MOSUL (March 25, 2017) — Iraqi military leaders have halted their push to recapture west Mosul from Islamic State as international outrage grew over the civilian toll from airstrikes that killed at least 150 people in a single district of the city.

The attack on the Mosul Jadida neighbourhood is thought to have been one of the deadliest bombing raids for civilians since the US invasion of Iraq in 2003. Rescuers were still pulling bodies from the rubble on Saturday, more than a week after the bombs landed, when the US-led coalition confirmed that its aircraft had targeted Isis fighters in the area.

They carried out the attack on 17 March “at the request of the Iraqi security forces”, and have now launched a formal investigation into reports of civilian casualties, the coalition said.

British planes were among those operating in western Mosul at the time. Asked if they could have been involved in the airstrikes, a spokesman did not rule out the possibility of British involvement, saying: “We are aware of reports [of civilian casualties] and will support the coalition investigation.”

There had been no reports of a UK role in any civilian casualties in more than two years of fighting Isis, he added. “We have not seen evidence that we have been responsible for civilian casualties so far. Through our rigorous targeting processes we will continue to seek to minimise the risk of civilian casualties, but that risk can never be removed entirely.”

A UK report on the 17 March fighting, which was issued just a couple of days later, described “very challenging conditions with heavy cloud”. Tornado jets were sent to “support Iraqi troops advancing inside western Mosul” in intense urban fighting, where crews had to “engage targets perilously close to the Iraqi troops whom they were assisting”.

They used Paveway guided missiles to hit five targets. The coalition said in a separate statement it had carried out four airstrikes aimed at “three Isis tactical units”. They destroyed more than 50 vehicles and 25 “fighting positions”.

The deaths have intensified concerns over up to 400,000 Mosul residents who are still packed into the crowded western half of the city, as Iraqi security forces backed by foreign air power advance on Isis’s last major stronghold in the country.

Civil defence workers say they have pulled more than 140 bodies from the ruins of three buildings in Mosul Jadida and believe that dozens more remain under the rubble of one building, a large home with a once cavernous basement, in which up to 100 people had hidden last Friday morning.

Local people at the site told the Observer that the enormous damage inflicted on the homes and much of the surrounding area had been caused by airstrikes, which battered the neighbourhood in the middle of a pitched battle with Isis members, who were under attack from Iraqi forces.

The UN’s humanitarian coordinator in Iraq, Lise Grande, said: “We are stunned by this terrible loss of life.”

Chris Woods, director of monitoring group Airwars, said: “The Jadida incident alone is the worst toll of a single [airstrike] incident that I can recall in decades.
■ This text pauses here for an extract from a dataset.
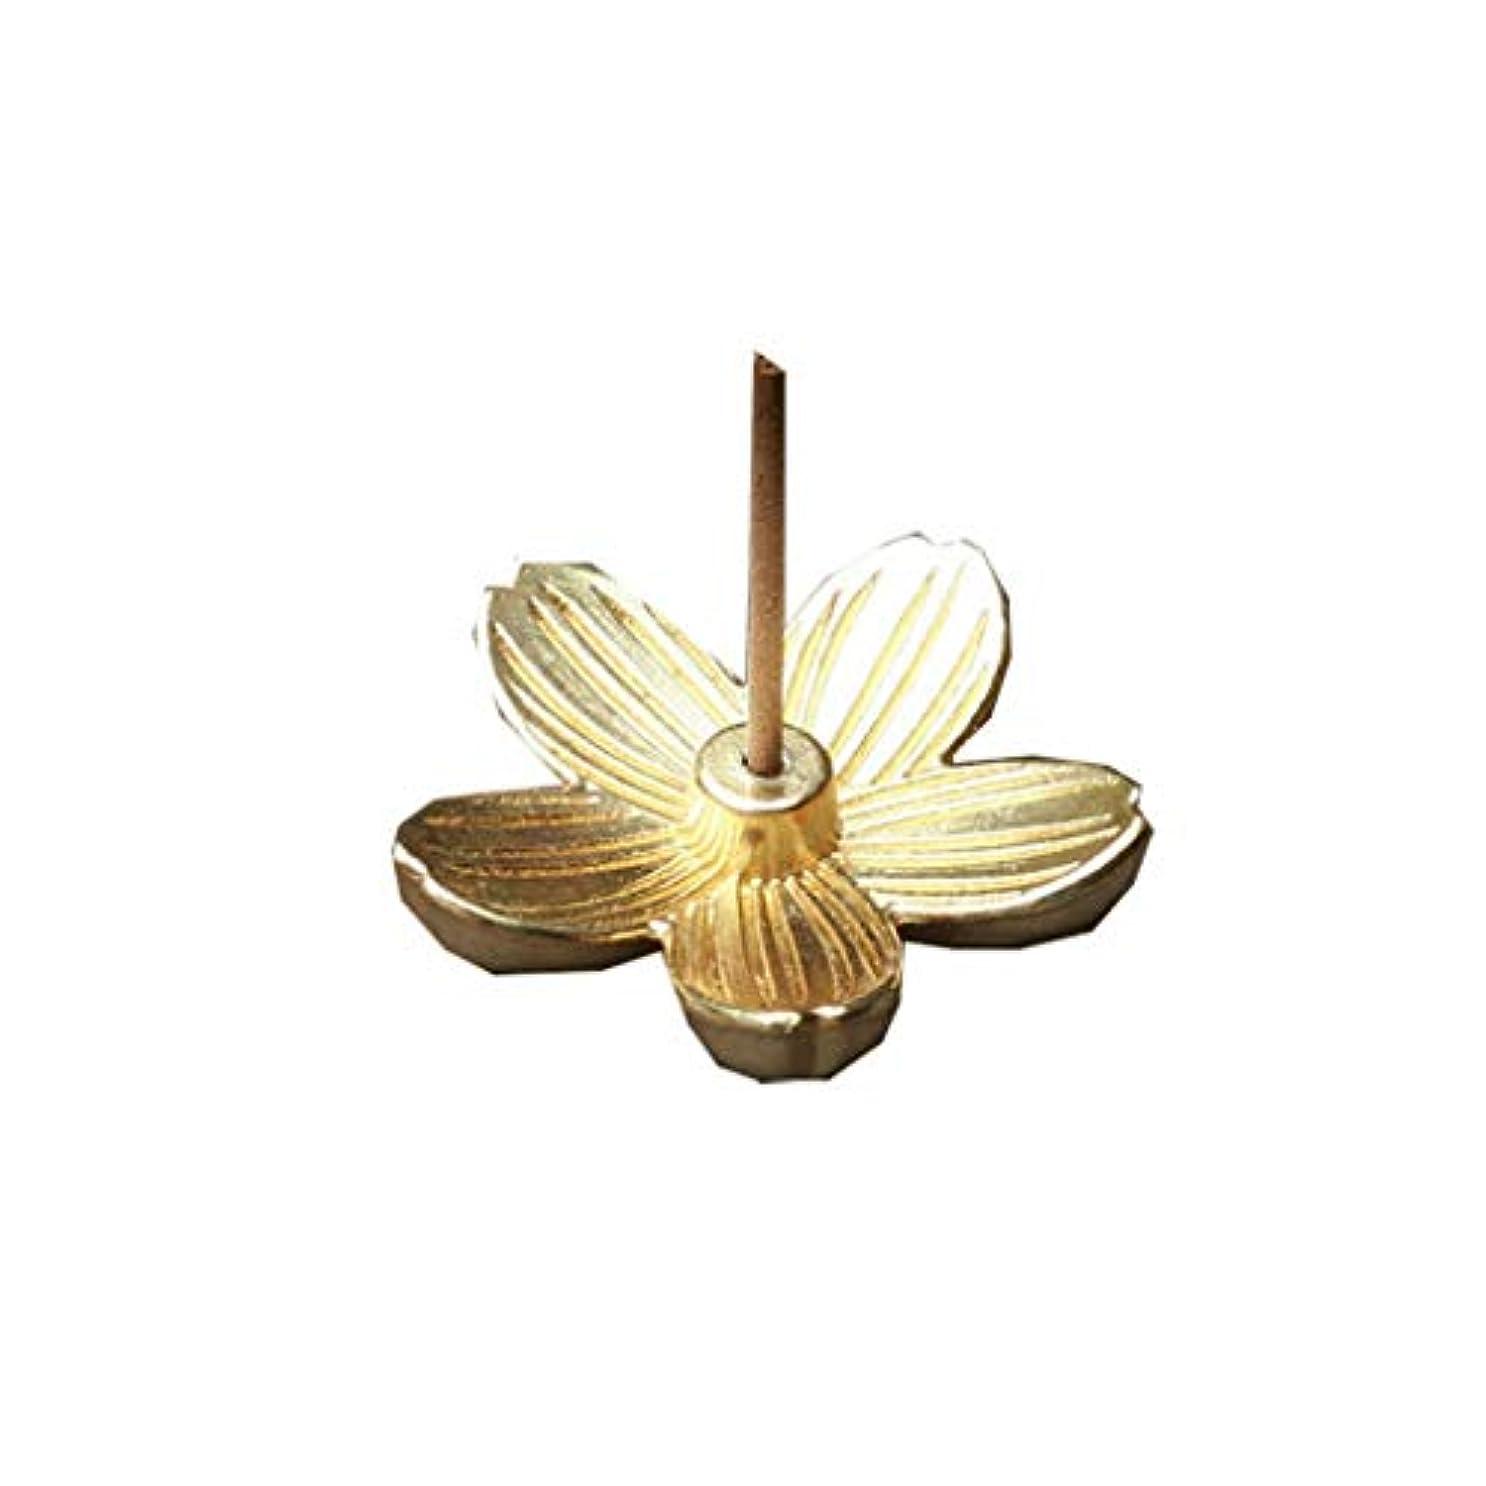 体系的に柔らかい足ビームクリエイティブヴィンテージ銅アートさくら型の香炉香スティックコーンホルダーホーム仏教の装飾誕生日お香ホルダー (Color : Gold, サイズ : 1.14*1.14inchs)

The coalition’s argument that it doesn’t target noncombatants risks being devalued when so many civilians are being killed in west Mosul.”

He warned that the deaths, and other recent attacks in Syria that have claimed dozens of lives, risked turning public sentiment against the coalition. “We have until recently always credited the coalition for taking care to avoid civilian casualties, compared with the Russians. But since the last months of 2016 you have seen this steep climb in ­civilian casualties and public sentiment has turned very sharply against the US-led coalition.”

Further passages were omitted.